EXERCISE INPUT:
-- Opening Marker --

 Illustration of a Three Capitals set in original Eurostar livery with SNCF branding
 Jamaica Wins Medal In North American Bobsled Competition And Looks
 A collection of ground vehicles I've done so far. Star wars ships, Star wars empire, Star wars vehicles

-- Closing Marker --
-- Opening Marker --

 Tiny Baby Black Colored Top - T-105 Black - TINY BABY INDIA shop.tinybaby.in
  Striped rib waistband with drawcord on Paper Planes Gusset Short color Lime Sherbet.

-- Closing Marker --
-- Opening Marker --

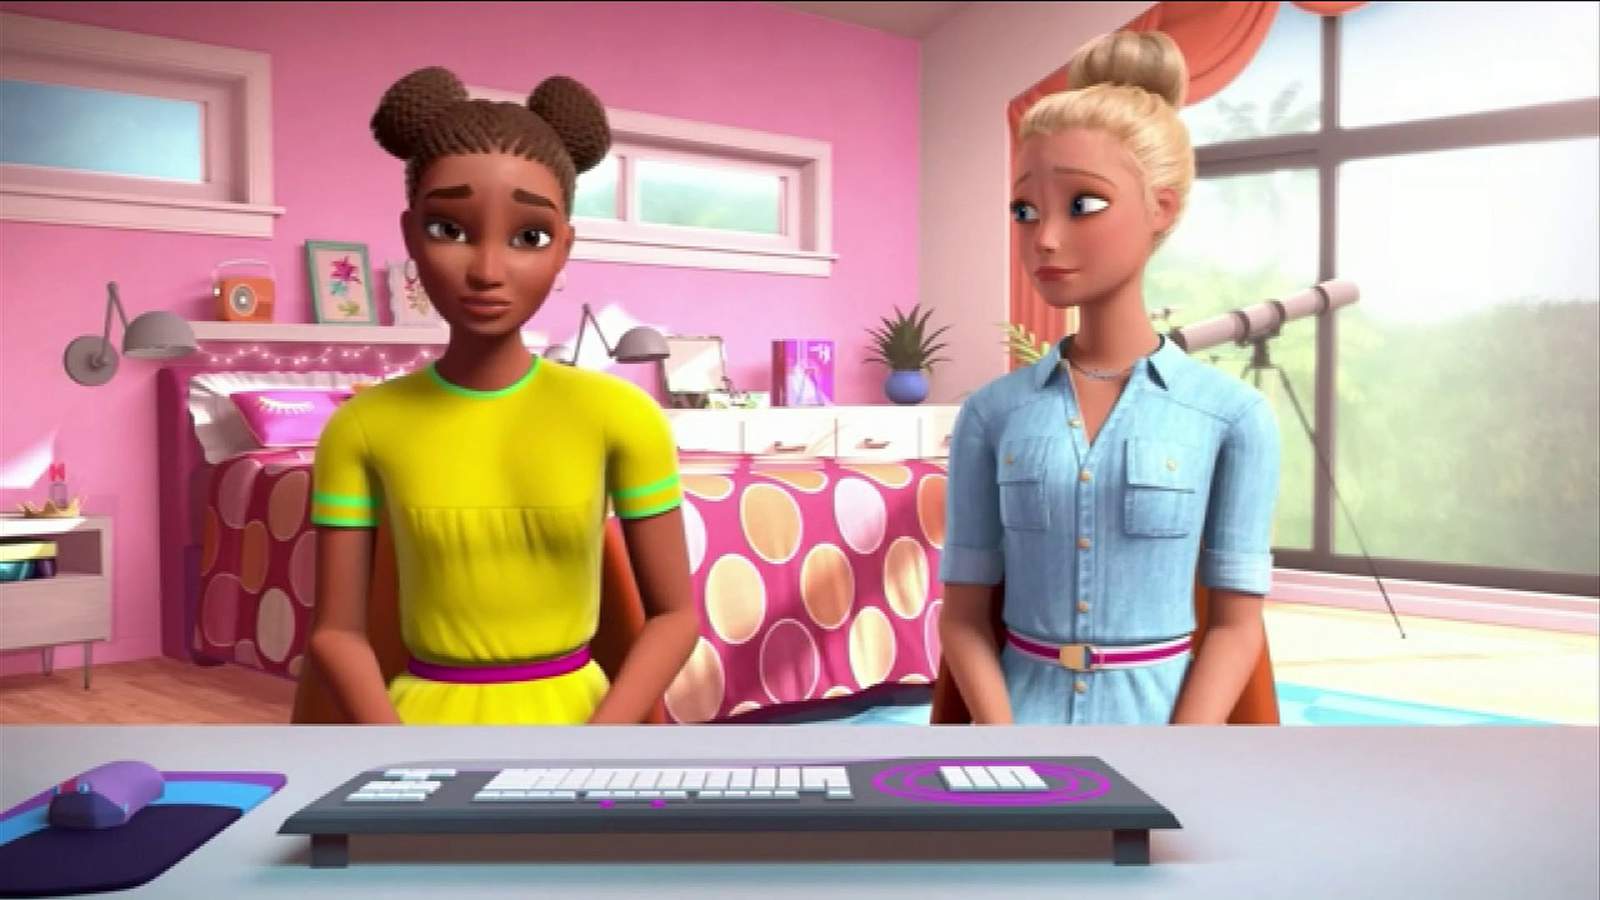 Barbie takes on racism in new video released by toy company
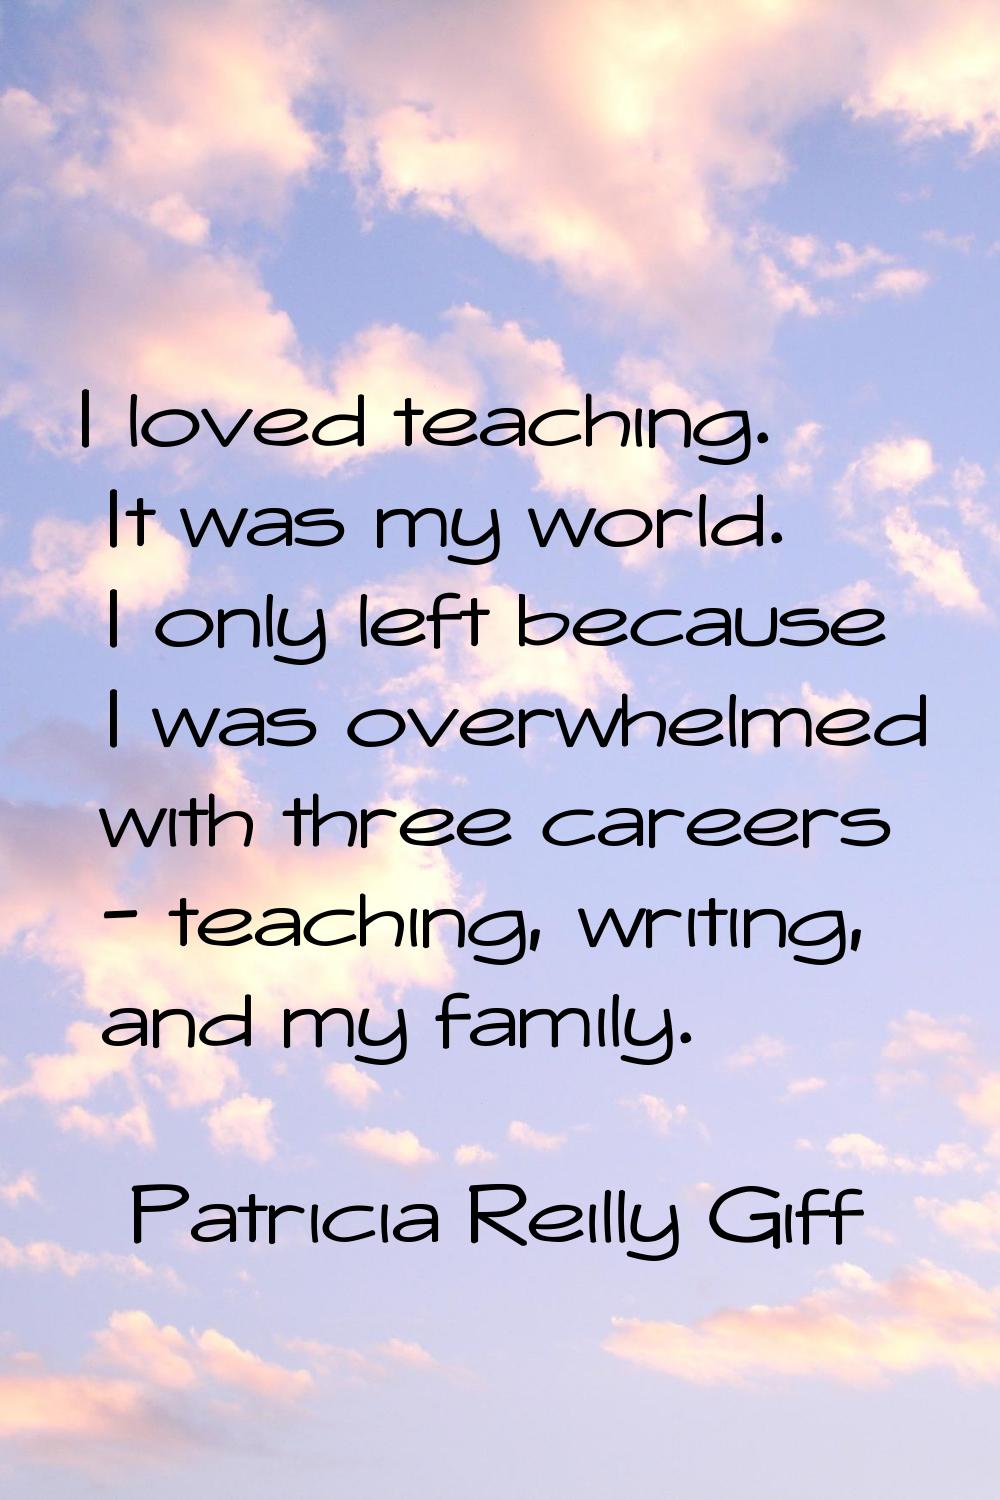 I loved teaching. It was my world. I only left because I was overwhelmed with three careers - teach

-- Closing Marker --

EXERCISE BRIEF: Only the lines above from the one with "Illustration of a" up to and including the one with "A collection of" should be repeated, exactly as written.

RESULT OF THIS EXERCISE:
 Illustration of a Three Capitals set in original Eurostar livery with SNCF branding
 Jamaica Wins Medal In North American Bobsled Competition And Looks
 A collection of ground vehicles I've done so far. Star wars ships, Star wars empire, Star wars vehicles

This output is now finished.